Investigation on the conformational changes of bovine serum albumin in a wide pH range from 2 to 12

The conformation of bovine serum albumin largely depends on its microenvironment pH and affects its physical functions and applications. In this study, we investigated the effects of pH (wide range 2–12) on the conformation of bovine serum albumin based on spectroscopic signals by various spectroscopic means including fluorescence, synchronous fluorescence, resonance light scattering, UV-visible absorption, and circular dichroism. The changes in spectroscopic signals, such as peak position and intensity, showed that the structure of bovine serum albumin varied significantly with pH. The conformation of bovine serum albumin was compact at pH 6–7, as indicated by the largest peak position values and peak intensities in the fluorescence, synchronous fluorescence, and RLS spectra.
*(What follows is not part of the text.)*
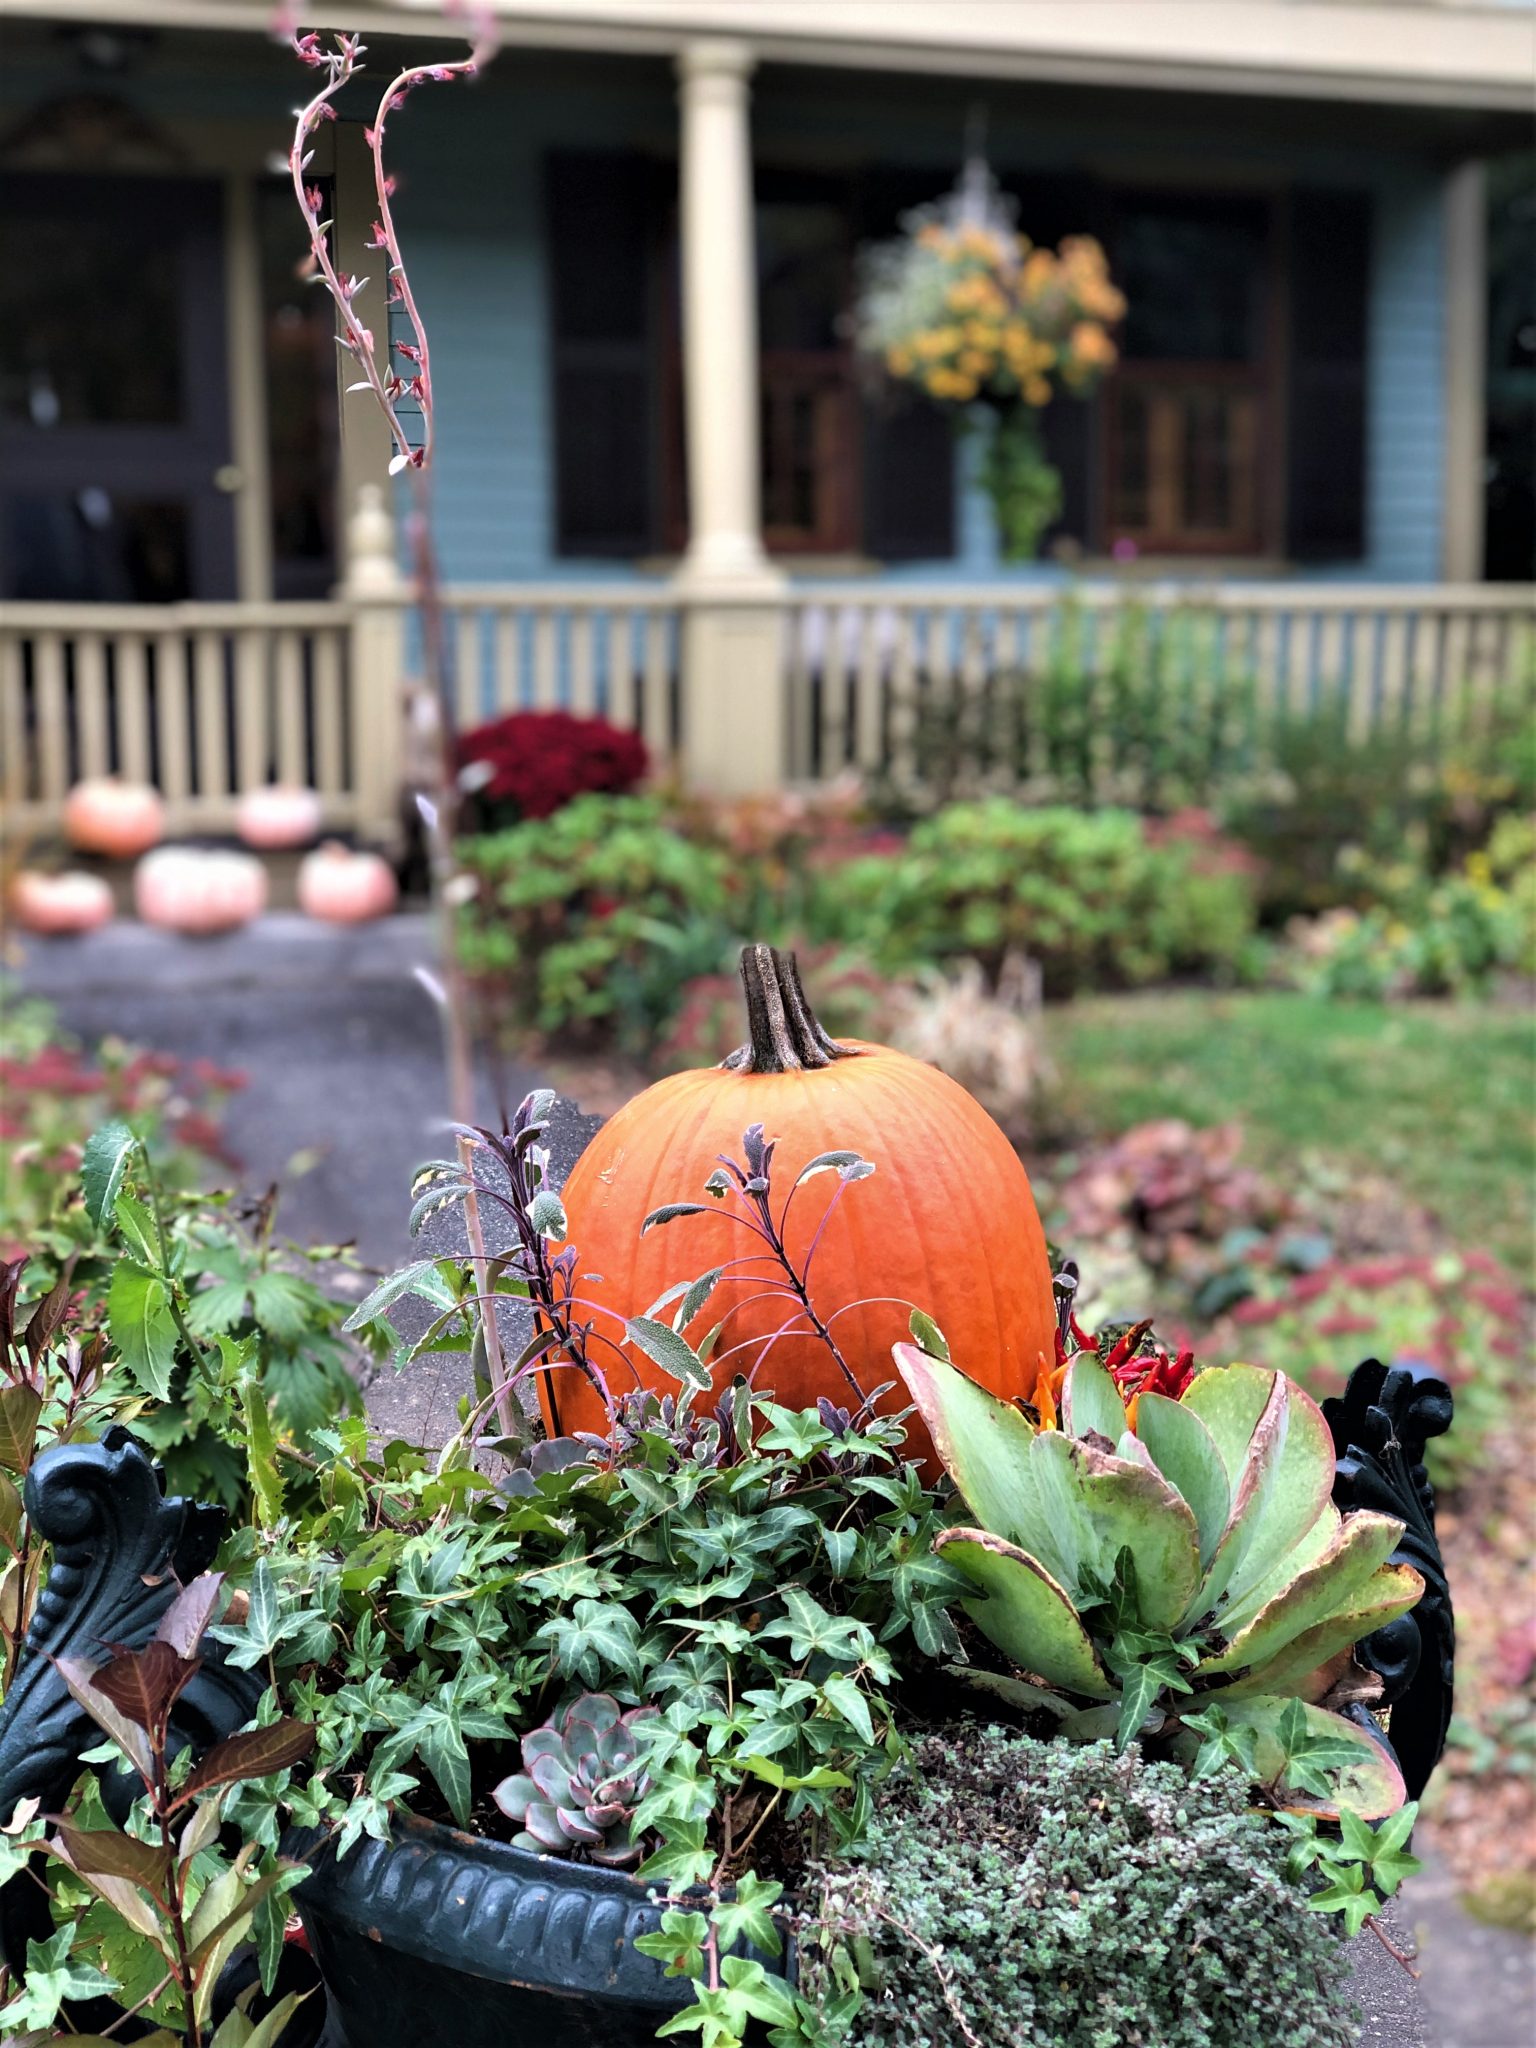 Flower pots decorated with a pumpkin

The structure of bovine serum albumin became loose in the acidic or alkaline environment, as indicated by the decreased peak position values and peak intensities. The microenvironment of the amino acid residues of bovine serum albumin also varied with pH, as indicated by the changing peak position values. At pH 7, the hydrophobicity of the tyrosine and tryptophan residues was the weakest, as indicated by the minimum synchronous fluorescence signals. In addition, the secondary structure of bovine serum albumin, especially α-helix, varied with pH. The content of α-helix reached the maximum value of 68% at pH 6–8, whereas it decreased in the acidic or alkaline environment. The study provides valuable details for studying the physiological function and applications of serum albumins.